N6- isopentenyladenosine RNA modificaciones son funcionalmente diverso y altamente conservado entre procariotas y eucariotas. Una de las más altamente conservado N6- isopentenyladenosine modificaciones se produce en la posición de A37 en un subconjunto de tRNAs. Esta modificación mejora la eficiencia de la traducción y fidelidad mediante el aumento de la afinidad de los tRNA por el ribosoma. Mutación de las enzimas responsables de esta modificación en eucariotas están asociados con varios Estados de enfermedad, incluyendo cáncer y la disfunción mitocondrial. Por lo tanto, comprender la especificidad de sustrato y las actividades bioquímicas de estas enzimas es importante para la comprensión de la biología de eucariota normal y patológica. Una gran variedad de métodos se ha empleado para caracterizar i6A modificaciones. Es en este documento se describe un enfoque directo para la detección de isopentenylation por Mod5. Este método utiliza incubación de RNAs con recombinante isopentenyl transferasa, seguida por digestión Rnasa T1 y el análisis de electroforesis de gel 1-dimensional detectar modificaciones6A. Además, se discute la adaptabilidad potencial de este protocolo para caracterizar otras enzimas de modificación de RNA.

Introduction

Se han identificado al menos 163 distinta modificación postranscripcional de RNA, con estas modificaciones confieren funciones diversas y contextual para RNAs directamente influir en la estructura del RNA y que afectan a las interacciones de RNA con otros las moléculas1,2. A medida que aumenta la apreciación de la cantidad y variedad de modificaciones de RNA, es fundamental para desarrollar ensayos que pueden interrogar confiablemente las modificaciones del RNA y las enzimas que catalizan los.

Una de las primeras modificaciones de RNA para identificarse se produce en 37 base en tRNAs, adyacente al anti-codon en el 3' parte3,4. Un grupo de isopentenyl se transfiere del dimethylallylpyrophosphate (DMAPP) en la posición N6 de la adenosina 37 (me6A37) 3,5 en un subconjunto de tRNAs citoplásmica y mitocondrial. i6A37 mejora la fidelidad de la traducción y eficiencia aumentando la afinidad del ARNt por el ribosoma4,6 y yo6A37 es importante para la respuesta de estrés en las bacterias7. Las enzimas que realizan esta modificación se denominan transferasas de isopentenyl tRNA y están muy conservadas en bacterias8,9, hongos10, gusanos11, plantas12y eucariotas superiores13 , incluyendo los seres humanos14.

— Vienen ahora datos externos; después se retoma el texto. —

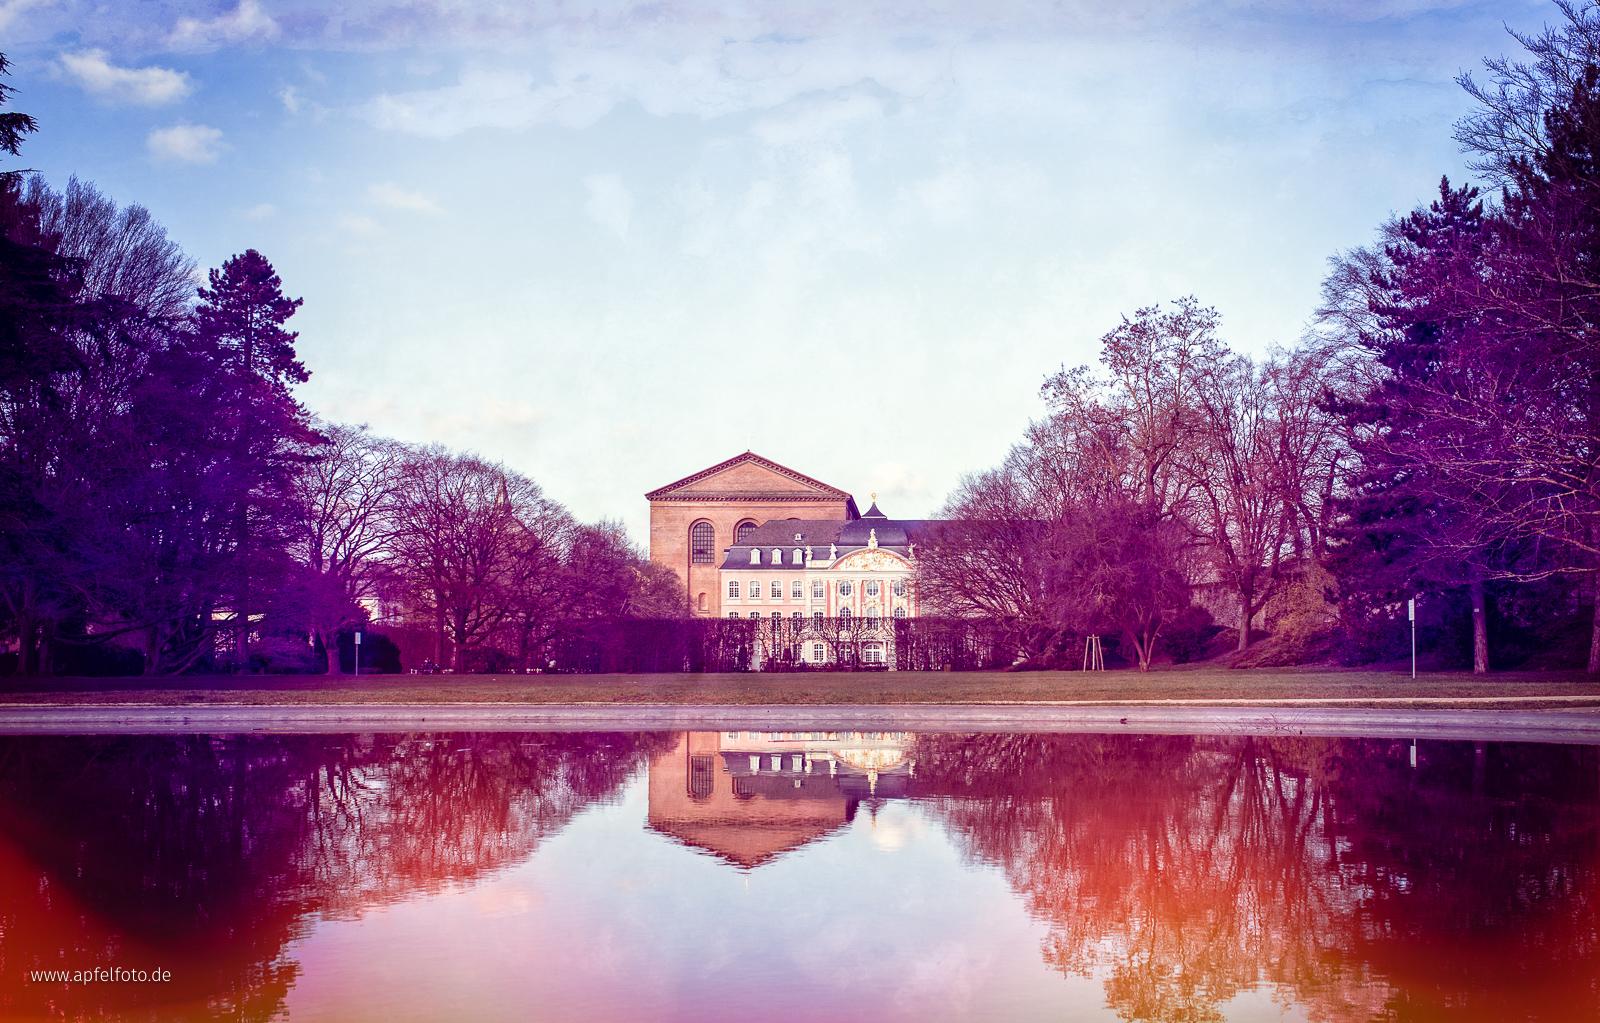 Palace, Trier

Las mutaciones en el gene humano de tRNA isopentenyl transferasa, TRIT1, están asociadas con enfermedad humana. Por ejemplo, una mutación en el TRIT1 se correlaciona con una severa enfermedad mitocondrial, probablemente causada por un defecto en la síntesis de proteínas mitocondriales15,16. Además, TRIT1 ha sido descrito como un tumor supresor genes17,18 y está implicada en varios tipos de cáncer incluyendo melanoma19, mama20, gástrico21y cánceres de pulmón22 ,23. Finalmente, TRIT1 y Mod5 transferasas de isopentenyl (Saccharomyces cerevisiae) son propensas a la agregación de proteínas que forman las fibras de amiloide-como prión24,25,26. Estas observaciones implican potencialmente transferasas de isopentenyl tRNA en enfermedades neurodegenerativas, aunque todavía no se ha demostrado evidencia directa para esto.

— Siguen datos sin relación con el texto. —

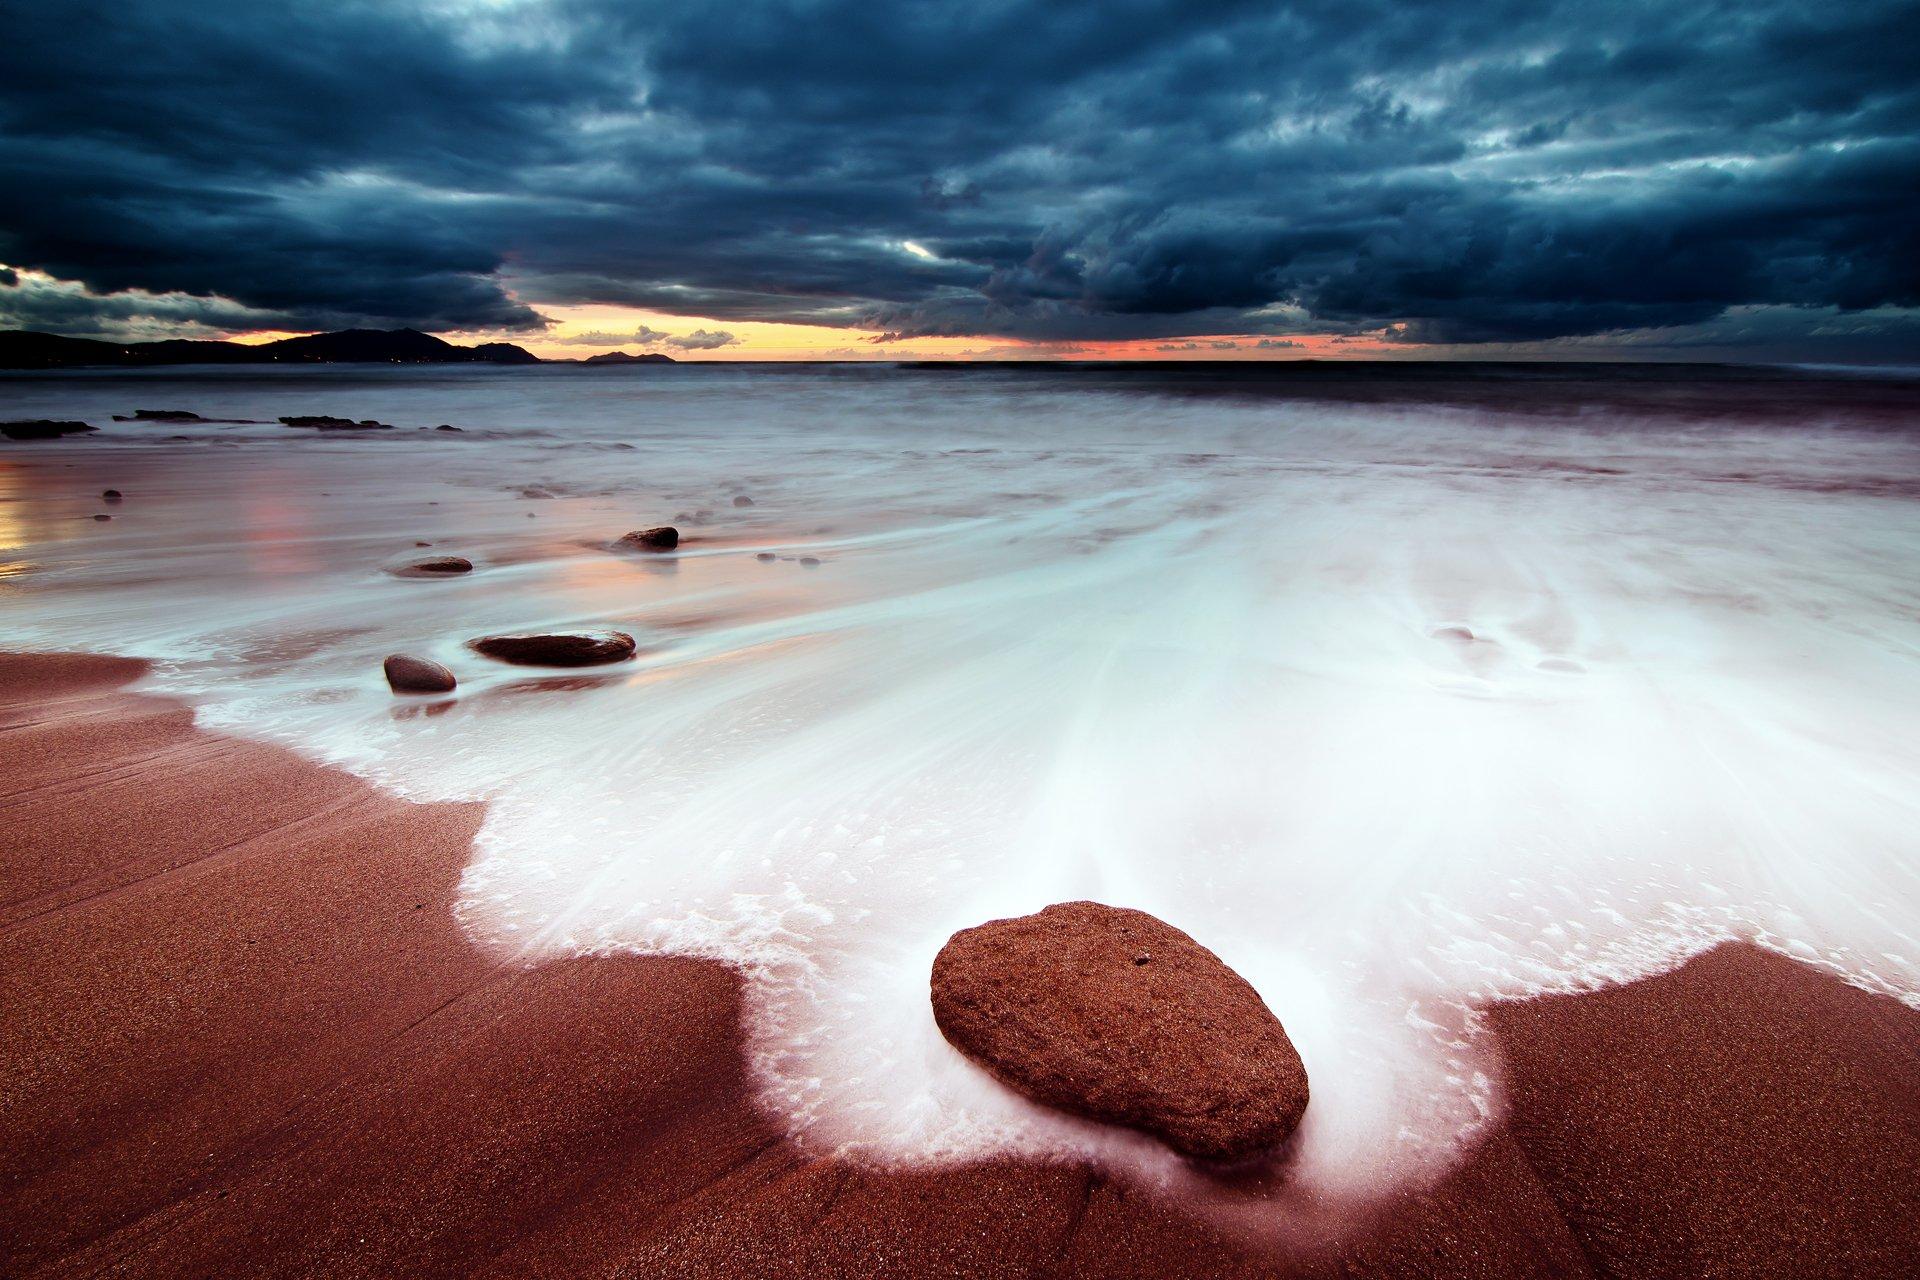 песок на берегу моря картинки снимки создают вдохновляющую

Dado el papel que isopentenyl transferasas en traducción y la enfermedad, métodos que directamente me miden6una actividad de transferasa de isopentenyl son importantes para una comprensión mecanicista de estas enzimas bajo normal y Estados de la enfermedad. Un número creciente de métodos está disponible para detectar modificaciones de una RNA6, incluyendo en vitro isopentenylation ensayos, hibridación positivo en ausencia de6ensayos (PHA6), delgada cromatografía (TLC), aminoácido ensayos de actividad de aceptación y métodos de espectrometría de masas (revisado en Ref. 4).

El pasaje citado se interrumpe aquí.